Here, we use rnaturalearth to download the administrative boundaries from Natural Earth map data. Note that when installing rnaturalearth, we may get an error that can be fixed by installing the rnaturalearthhires package. The ne_countries() function allows us to download the map of the country specified in argument country, of scale given in scale, and of class sp or sf given in returnclass. We can retrieve the possible names that can be specified in argument country by typing ne_countries()$admin. The ne_states() function can be used to obtain administrative divisions for specific countries. Here, we download the maps of Germany and its divisions, and plot them side-by-side with the patchwork package.

# install.packages("devtools")
# devtools::install_github("ropensci/rnaturalearthhires")

library(rnaturalearth)
library(sf)
library(ggplot2)
library(viridis)
library(patchwork)

map1 <- ne_countries(type = "countries", country = "Germany", scale = "medium", returnclass = "sf")
map2 <- rnaturalearth::ne_states("Germany", returnclass = "sf")
p1 <- ggplot(map1) + geom_sf()
p2 <- ggplot(map2) + geom_sf()
p1 + p2

Note that if we needed maps of administrative boundaries at greater levels than the ones provided by these packages, we would need to resort to other sources such as online data repositories mantained by specific countries.

2 Climatic data

The geodata package allows us to download geographic data including climate, elevation, land use, soil, crop, species occurrence, administrative boundary and other data. The geodata package is a successor of the getData() function from the raster package.

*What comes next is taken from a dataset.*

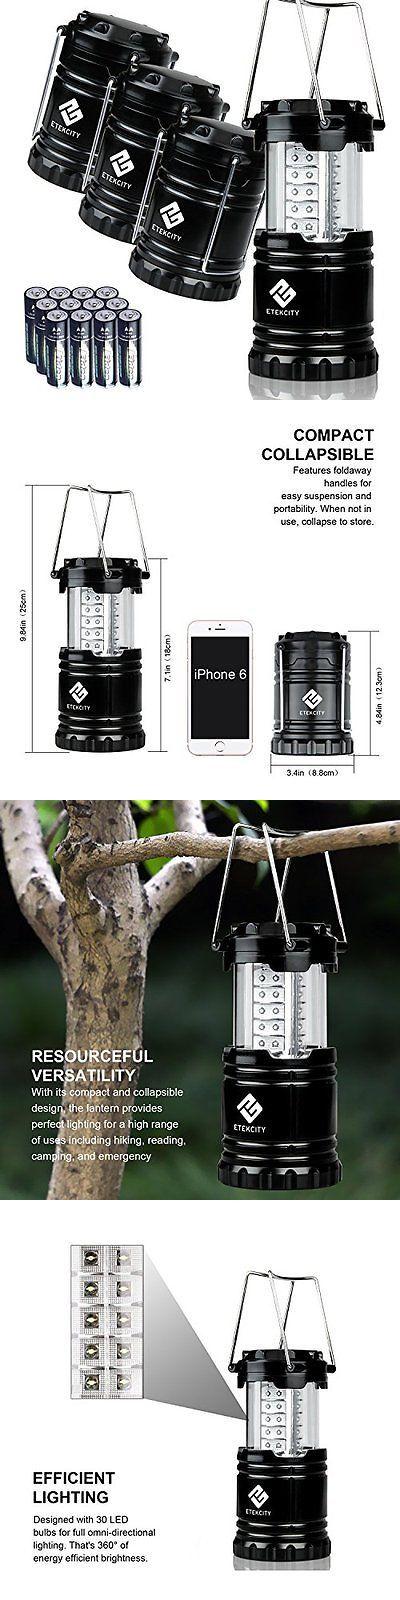 Lanterns 168867: Etekcity Lanterns 4 Pack Portable Outdoor Led Camping Lantern With 12 Aa (Black, -> BUY IT NOW ONLY: $39.78 on eBay!

For example, the worldclim_country() function downloads climate data from WorldClim including minimum temperature tmin, maximum temperature tmax, average temperature tavg, precipitation prec, and wind speed wind. The country_codes() function of geodata can be used to get the names and codes of the world countries. Here, we provide an example on how to download minimum temperature in Jamaica specifying country = "Jamaica" using tempdir() as the path name where to download the data. This function retrieves the temperature for each month and we can plot the mean over months with mean(d).

library(geodata)
d <- worldclim_country(country = "Jamaica", var = "tmin", path = tempdir())
terra::plot(mean(d), plg = list(title = "Min. temperature (C)"))

The geodata package can also be used to download other data such as elevation with elevation_30s(), land cover with landcover() or soil with soil_world().

3 Precipitation

The chirps package allows us to obtain daily high-resolution precipitation, as well as daily maximum and minimum temperatures from the Climate Hazards Group.

Here, we use the get_chirps() function to obtain daily precipitation in Bangkok, Thailand, by specifying the longitude and latitude coordinates of Bangkok, the dates and the server. The default server is "CHC". Here, we use the "ClimateSERV" server which is recommended when few data-points are required.

library("chirps")
location <- data.frame(long = 100.523186, lat = 13.736717)
d <- get_chirps(location, dates = c("2020-01-01", "2022-12-31"), server = "ClimateSERV")
ggplot(d, aes(x = date, y = chirps)) + geom_line() + labs(y = "Precipitation (mm)")

4 Elevation

The elevatr package allows us to get elevation data from Amazon Web Services (AWS) Terrain Tiles and OpenTopography Global Digital Elevation Models API.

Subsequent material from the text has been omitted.